The unreliable measuring device of words

the story of a new nameThe Story of a New Name
by Elena Ferrante
translated from Italian by Ann Goldstein

This is book two of the famed Neapolitan Novels, which started with My Brilliant Friend. This review does contain spoilers for the first book, which I also highly recommend. Arguably you could come to this book cold – everything you need to know from book one is repeated – but you’d be missing out on a key part of the experience in my opinion.

Elena and Lila are on the verge of adulthood. Married at 16, Lila is gradually realising that marriage is not a quick fix to make her brother rich, and that being married to someone she doesn’t love is fine until she does fall in love.

For Lila, marrying Stefano, the grocer, was supposed to be the lesser of two evils – her other rich suitor in book one being Marcello Solara – but either way Lila is tied up with the dangerous Solara family and not in the powerful position as one of their wives. Did she make the right choice? She spends frivolously and flirts with both Solara brothers despite her husband’s violent temper. Has she shut down all true feeling? She is smart and aware, surely she knows the dangerous ground she is treading?

“She was beautiful and she dressed like the pictures in the women’s magazines that she bought in great numbers. But the condition of wife had enclosed her in a sort of glass container, like a sailboat sailing with sails unfurled in an inaccessible place, without the sea.”

Elena is at first jealous of Lila’s riches, her freedom, her discovery of sex, her ability to run a business. But at intervals she is reminded that Lila’s lack of education, her marriage, tie her to this small impoverished corner of Naples, while Elena’s continuing education widens her world year after year.

As in book one, it seems that one girl or the other is always up while the other is down, and it is only towards the end of the novel, when they are in their early 20s, that they finally realise that their dreams are no longer the same, that they are not competing for the same prize anymore.

“Something passed rapidly between the two girls, their secret feelings darted infinitesimal particles shot at each other from the depths of themselves, a jolt and a trembling that lasted a long second; I caught it, bewildered, but couldn’t understand, while they did, they understood, in something they recognized each other.”

Except…are they in love with the same man? Elena vacillates, uncertain of her feelings, much like everything else in her world. She is never confident, never sure. She calls herself time and again a “brilliant student” (a callback to the title of book one, My Brilliant Friend?) but is this the narrator, Elena aged 66, using that label? Or is newly adult Elena at once aware of her brilliance and uncertain of how to use it?

She tells us that when she speaks about politics or social issues she merely parrots things she has read – and she has read widely and has a concept of what it all means, but she feels that she is not bringing her own thoughts to bear in the way that Lila always does. A case of impostor syndrome? A lack of awareness that everyone else is pretending to some extent too? Or is she only being realistic about her own limitations, about her need to find a different path in life than the one she has been hoping for?

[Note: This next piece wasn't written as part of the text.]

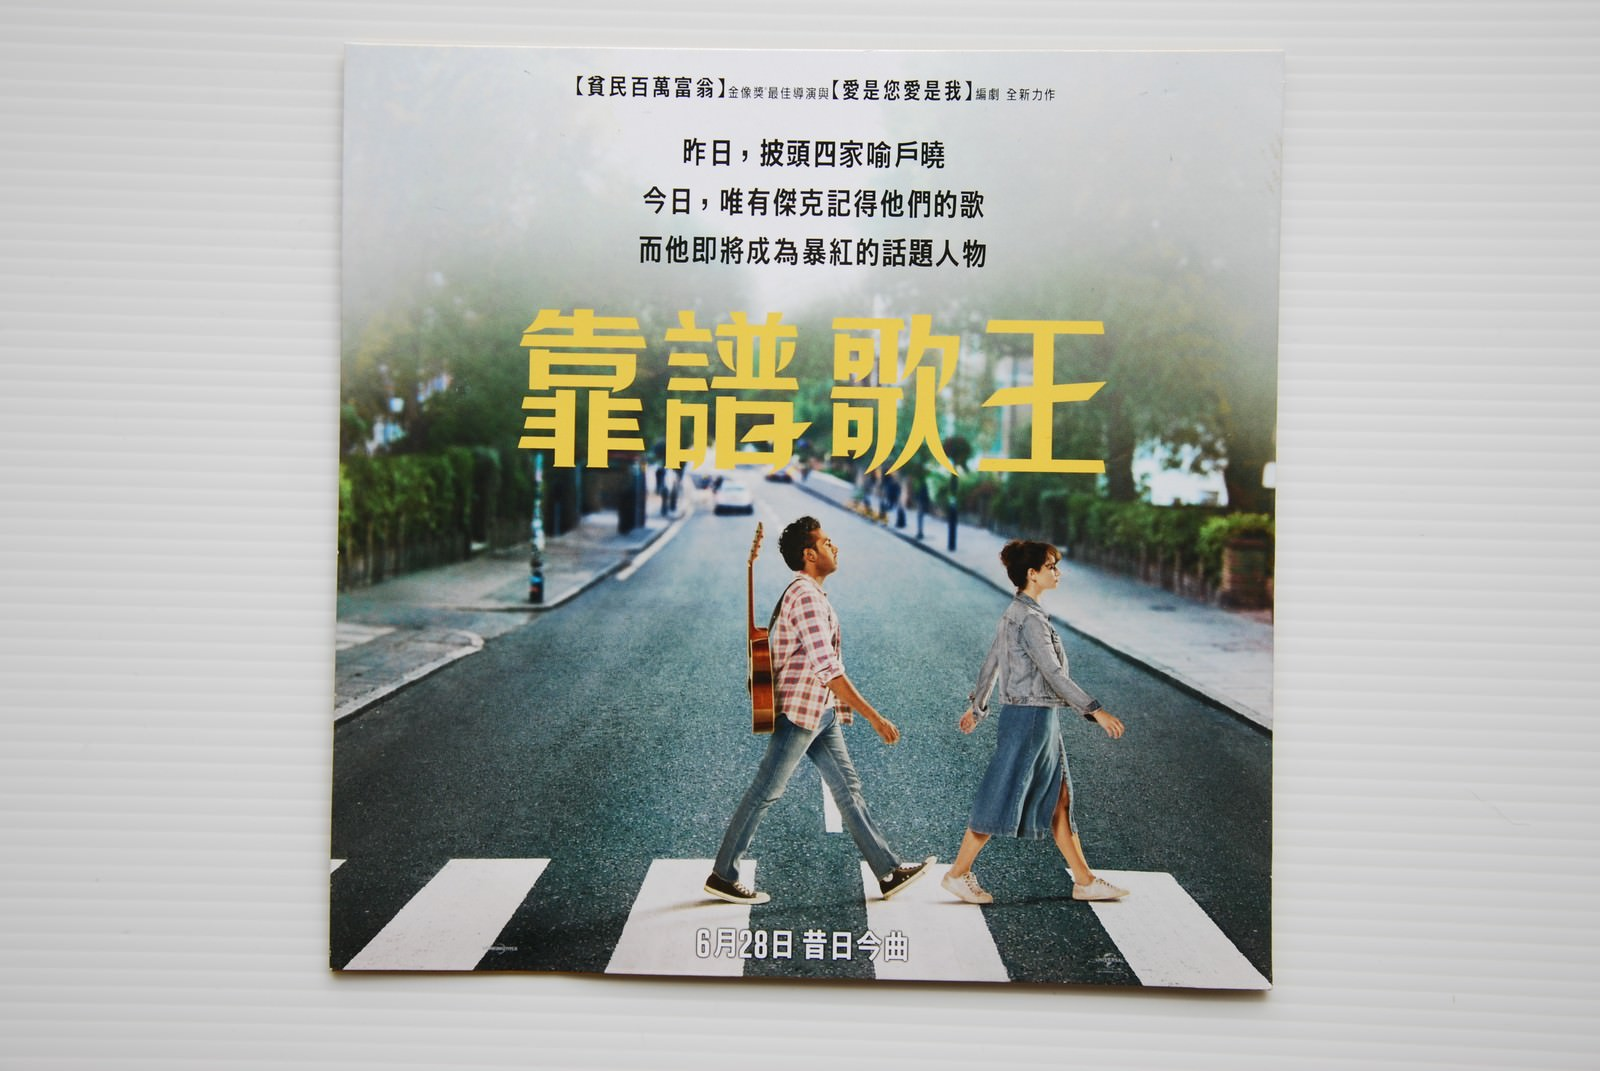 Movie, Yesterday(英國, 2019年) / 靠譜歌王(台灣) / 昨日奇迹(中國) / 緣來自昨天(香港), 特映會邀請卡

“Movies, novels, art? How quickly people changed, with their interests, their feelings. Well-made phrases replaced by well-made phrases, time is a flow of words coherent only in appearance, the one who piles up the most is the one who wins. I felt stupid, I had neglected the things I liked to conform.”

Some serious issues are dealt with here – sex and all that it brings being a major theme – but the biggest thing, for me, was the position of women. Elena and Lila were raised to get married and be good wives. When they work it will be to their husbands’ approval and often part of the complicated politics between shop owners and moneylenders. Both girls defy expectations, in different ways. Lila marries too young – 18 or 20 is common but 16 is acknowledged to be young – and is, true to nature, a difficult wife. She makes her own demands and often gets her way, but only once she has proven to have keen business acumen that benefits her husband and his friends, though it makes her enemies among the other women she works with.

Elena, meanwhile, has a few serious boyfriends, but marriage is something for the future, when her studies are ended. She flirts with socialism, even Communism, but is it the social equality she craves or the personal freedoms? Education has given her choices that none of the girls back home have, but she is still limited to the few professions approved for women in 1960s Italy.

All this is written with the same thoughtful prose as the first volume. It’s not a small book, but there are no long flowery passages, no dwelling on politics or culture. It’s simply the minutely told story of two women and everyone in their lives, but particularly the story of Lila, and how Elena tries gradually to understand her friend and how their lives diverged.

“It’s Lila who makes writing difficult. My life forces me to imagine what hers would have been if what happened to me had happened to her, what use she would have made of my luck. And her life continuously appears in mine, in the words that I’ve uttered, in which there’s often an echo of hers, in a particular gesture that is an adaptation of a gesture of hers, in my less which is such because of her more, in my more which is the yielding to the force of her less. Not to mention what she never said but let me guess, what I didn’t know and read later in her notebooks. Thus the story of the facts has to reckon with the filters, deferments, partial truths, half lies: from it comes an arduous measurement of time passed that is based completely on the unreliable measuring device of words.”

Storia del nuovo cognome published 2012 by Edizioni E/O.
This translation published 2013 by Europa Editions.